Savadogo, qui mène des recherches sur les groupes extrémistes, a déclaré qu’il pensait que les attaques étaient une réaction aux revendications de victoire du gouvernement, bien que modestes, dans sa lutte contre les insurgés et faisaient partie d’une “guerre de communication” des deux côtés.

L’effusion de sang à Solhan apparaît comme une nouvelle étape dans la campagne des insurgés pour déstabiliser l’Etat burkinabé, déjà affaibli et incapable d’assurer la sécurité de ses habitants en milieu rural.

Civils en danger

Les premières victimes du massacre étaient des membres du VDP, un groupe composé de volontaires civils qui reçoivent une formation militaire de deux semaines et sont déployés pour soutenir la contre-insurrection.

« Un certain nombre de groupes d’autodéfense disparates sont apparus après que la situation sécuritaire a commencé à se détériorer en 2015 », a expliqué Quidleur. « Ces groupes ont été institutionnalisés en 2020 avec la création du VDP, et ont été chargés d’appuyer l’armée régulière sur des missions de renseignement et opérationnelles.

Alors que le VDP a obtenu des succès significatifs dans certaines régions, de nombreux analystes disent qu’ils ont également exposé la population civile à des représailles. “Depuis février, les djihadistes mènent une guerre ouverte contre le VDP”, a déclaré Savadogo.

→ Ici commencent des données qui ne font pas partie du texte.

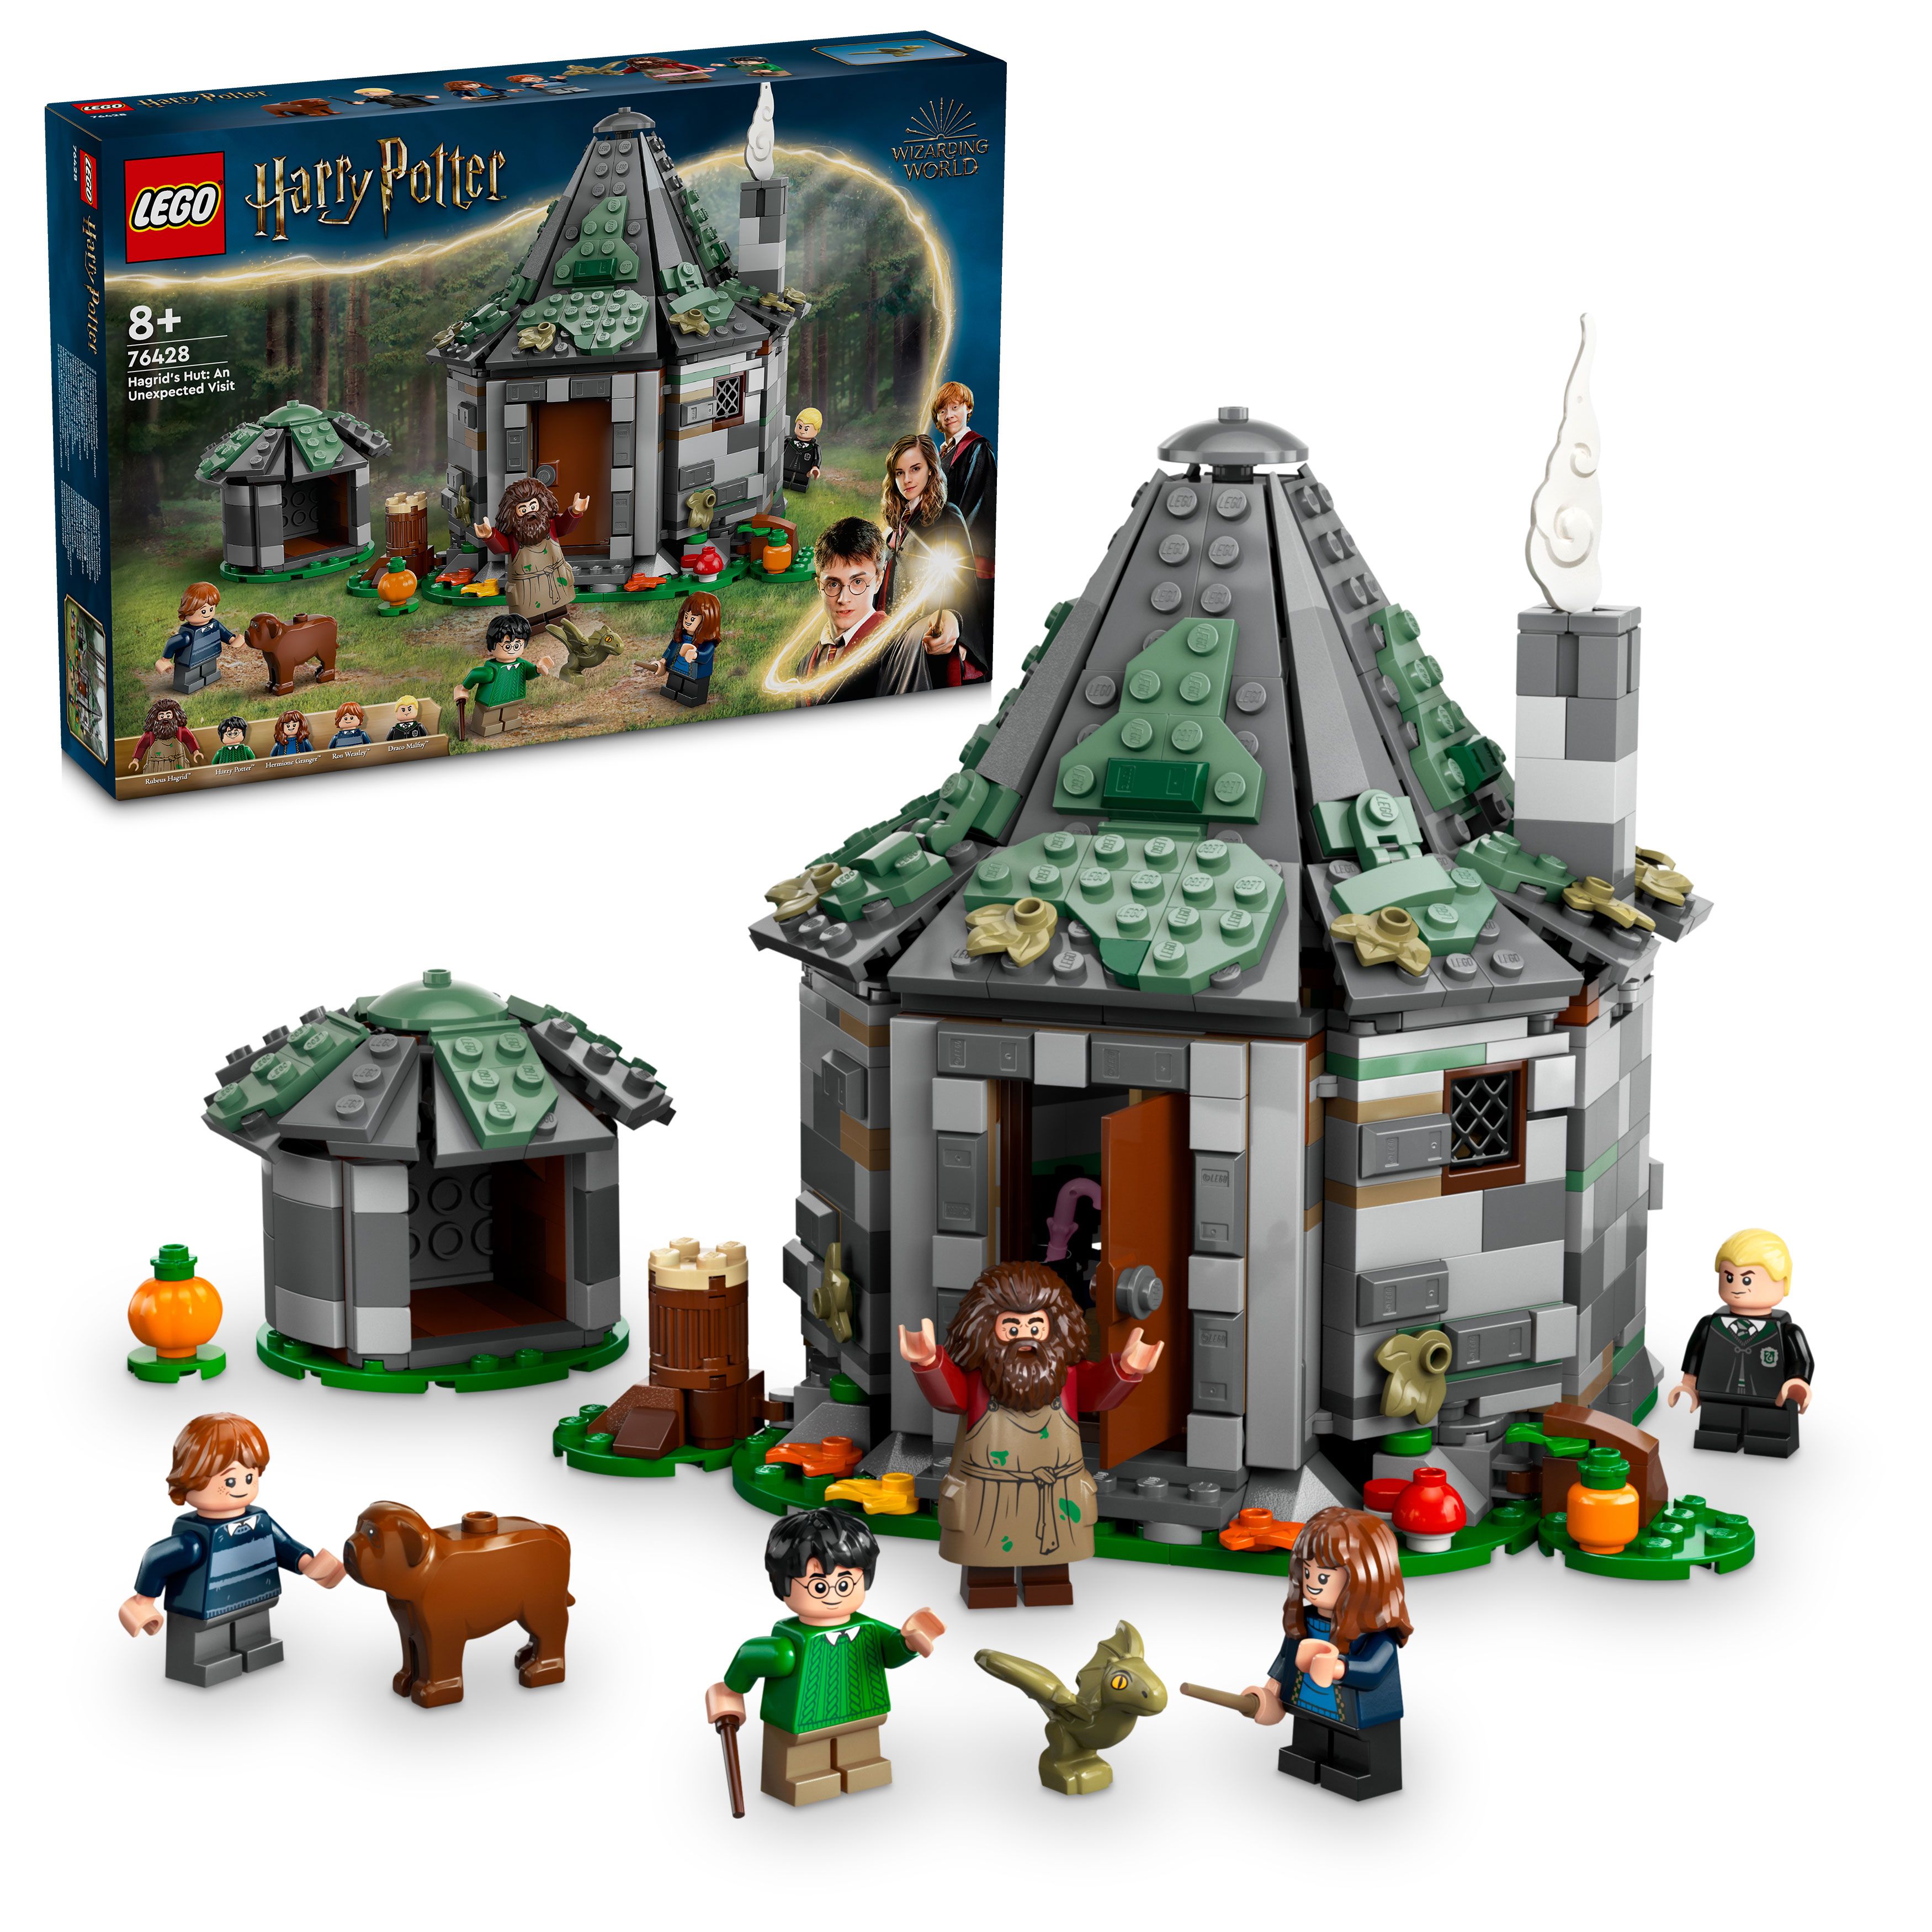 LEGO Harry Potter - Gygrids hytte: Et uventet besøk (76428) - Leker

« On peut y voir un cycle de vendettas. A Solhan, le poste VDP a été attaqué puis des civils massacrés parce qu’ils étaient considérés comme complices », a ajouté Quidelleur. « Certains VDP eux-mêmes ont pu se rendre coupables d’actes contre des populations accusées de collaboration ou avoir des liens familiaux avec des djihadistes.

Savadogo pointe ce qu’il appelle une « guerre d’influence » entre la filiale d’Al-Qaïda et le groupe État islamique dans la zone des trois frontières. Contrairement à d’autres attaques, les assaillants de Solhan visaient à la fois des hommes et des femmes, des jeunes et des adultes.

« Peut-être que ce massacre de civils est une manœuvre de l’État islamique pour discréditer al-Qaïda, qui opère dans la région », a-t-il déclaré.

Quelle qu’en soit la raison, les civils sont de plus en plus ciblés au Burkina Faso. Le siège de Solhan avait été précédé quelques heures plus tôt par un autre raid sur le village de Tadaryat, au cours duquel au moins 14 personnes, dont un militaire civil, avaient été tuées.

Une semaine plus tôt, quatre personnes – dont deux membres du VDP – avaient été tuées lors de deux autres attaques dans la même zone.

« À partir de 2019 et 2020, après avoir visé des symboles de l’État, les djihadistes ont commencé à attaquer des civils parce que certains d’entre eux sont armés et considérés comme des combattants », a déclaré Savadogo.

Depuis 2015, les violences djihadistes ont fait plus de 1 400 morts et déplacé plus d’un million au Burkina Faso.

Cet article a été traduit de l’original en français.